После обеда хозяин провел Микеланджело в тихую комнату, где висели портреты его предков. На фоне этой роскоши Рустичи словно бы преобразился: в нем проглянуло уже нечто аристократическое.

— Ты хорошо рисуешь, Микеланджело. Может быть, именно это позволит тебе стать скульптором. В таком случае разреши тебя предупредить: никогда не соглашайся жить в пышных дворцах.

Микеланджело недоуменно фыркнул:

— По-моему, это мне не грозит.

— Послушай, мой друг: роскошь, нега и уют так приятны, к ним так легко привыкнуть. А когда к этому пристрастишься, то уже совсем легко и просто стать лизоблюдом, угодником, всегда и во всем поддакивать, чтобы только не лишиться привычных благ. Потом ты начинаешь подлаживаться под вкусы власть имущих, а это для скульптора означает смерть.

— Я ведь простак, Рустичи. Едва ли все это меня касается.

Гораздо ближе, чем с другими учениками, Микеланджело сошелся с Торриджани: этот молодой человек выглядел в его глазах скорее бравым воином, чем скульптором. Микеланджело был очарован Торриджани; в то же время он страшился его, стоило тому лишь нахмурить брови и заговорить своим раскатистым, зычным голосом. Торриджани происходил из старинной семьи виноторговцев, давно уже выбившейся в знать, с Бертольдо он держался так смело, как никто из учеников. Рассердившись на кого-либо из товарищей по мастерской, он учинял шумные ссоры. Он быстро отличил Микеланджело своей горячей дружбой и постоянно разговаривал с ним — их рабочие столы были рядом.

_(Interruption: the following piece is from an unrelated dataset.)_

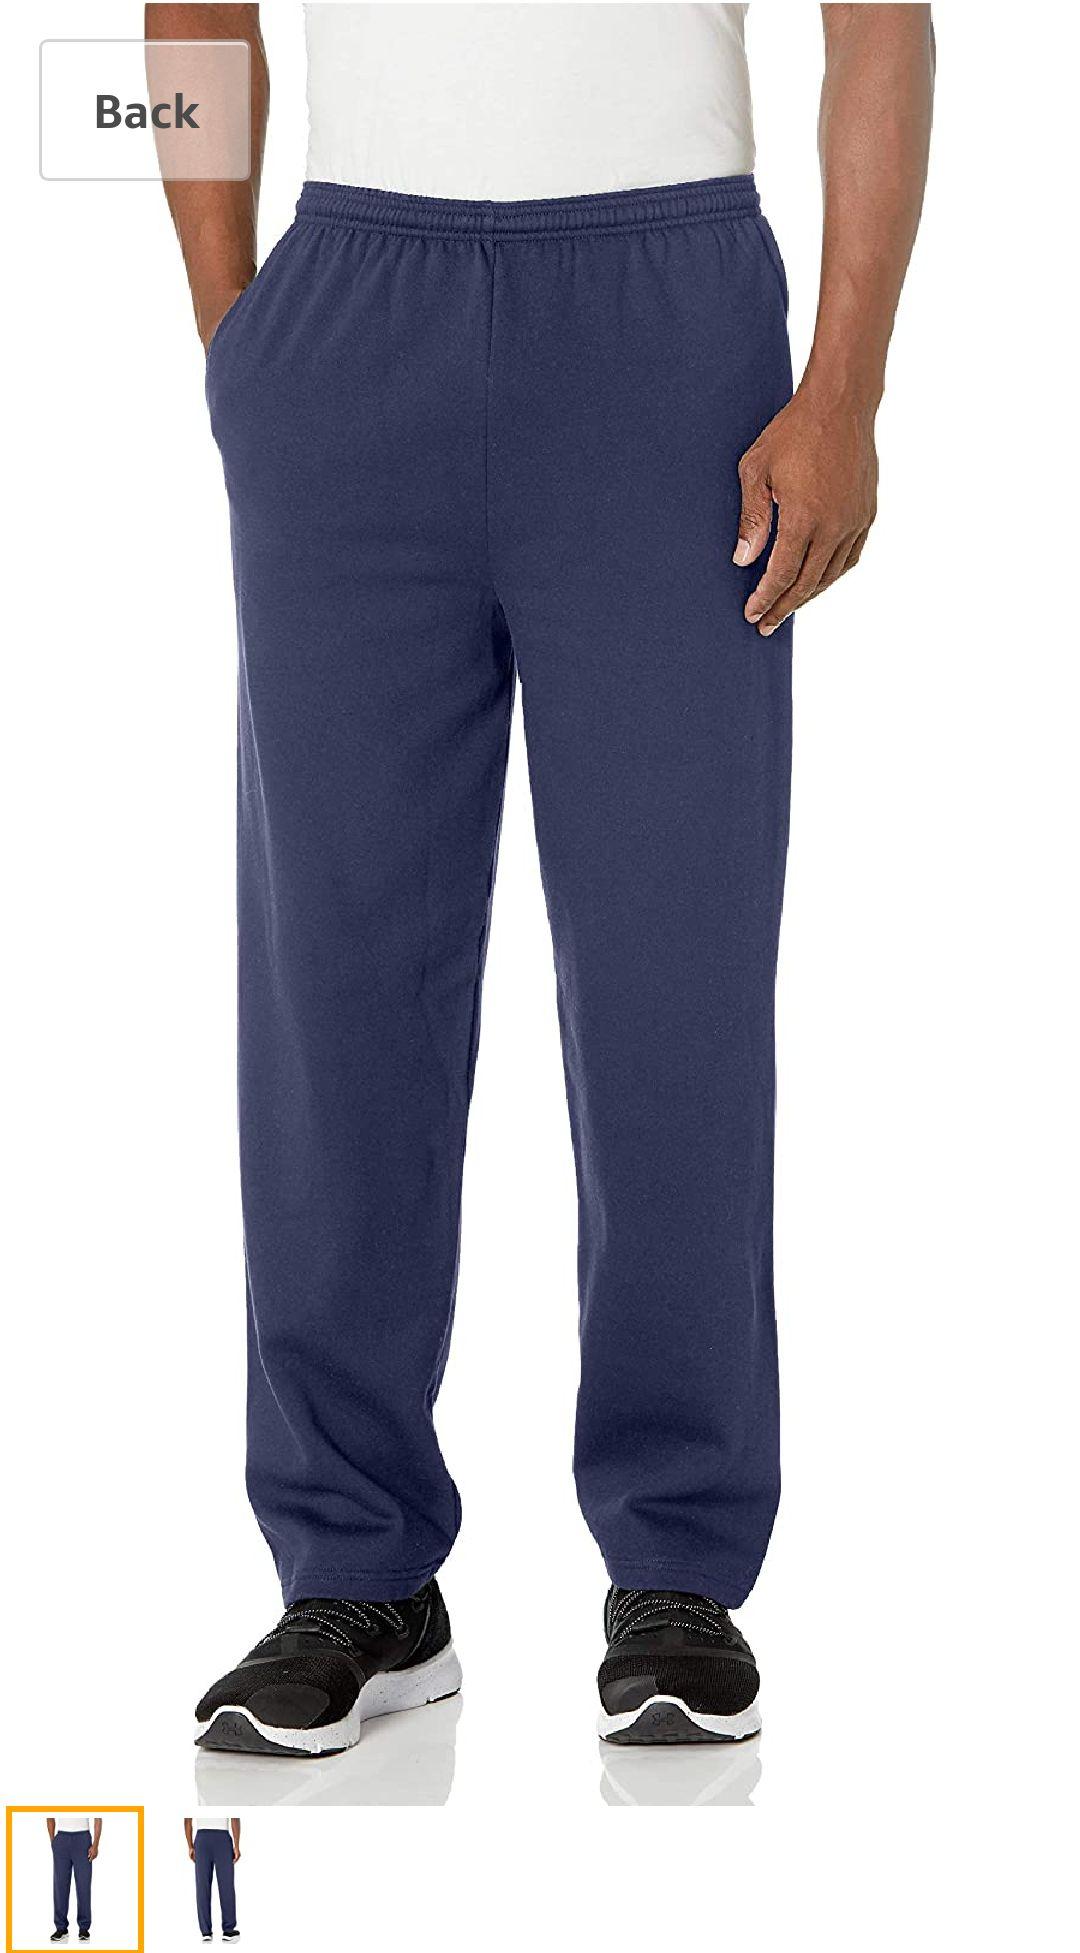 Hanes男生运动裤 mens Ecosmart Fleece Sweatpant With Pocket Pants, Navy, Large US at Amazon Men's Clothing store

Микеланджело еще не доводилось встречать столь красивого человека, как Торриджани; эта физическая красота, стоявшая на грани человеческого совершенства, обескураживала его: он всегда сознавал, насколько некрасив и невзрачен он сам.

Граначчи видел, как крепнет дружба Микеланджело с этим юношей. Когда Микеланджело спросил Граначчи, считает ли он Торриджани выдающимся человеком, тот осторожно ответил:

— Я его знаю с детства. Наши семьи связаны друг с другом.

— Но ты уклоняешься от ответа, Граначчи.

— Прежде чем называть человека другом, Микеланджело, съешь с ним пуд соли.

Микеланджело работал в Садах уже больше недели, когда туда в сопровождении юной девушки явился Лоренцо Медичи. Впервые в жизни Микеланджело увидел вблизи человека, который, не занимая никакого поста и не нося никакого титула, правил Флоренцией и сделал ее могущественной республикой, где процветали не только ремесло и торговля, но и искусство, литература, наука. Лоренцо де Медичи было сорок лет, его грубое лицо казалось высеченным из темного гранита; все черты его были неправильны, лишены какой-либо привлекательности — нечистая кожа, выступающая нижняя челюсть, выпяченная нижняя губа, длинный массивный нос, вздернутый кончик которого был гораздо мясистее и толще, чем спинка, большие темные глаза, щеки с темными провалами около углов рта, кошт темных волос, разделенных прямым пробором и крыльями ниспадающих к бровям. Одет он был в длинную охристого цвета мантию с пурпурными рукавами, на шее виднелся краешек белого воротника. Роста он был чуть выше среднего, крепкого сложения; верховая езда и охота с соколами, которой он отдавался порой целыми днями, поддерживала его телесные силы.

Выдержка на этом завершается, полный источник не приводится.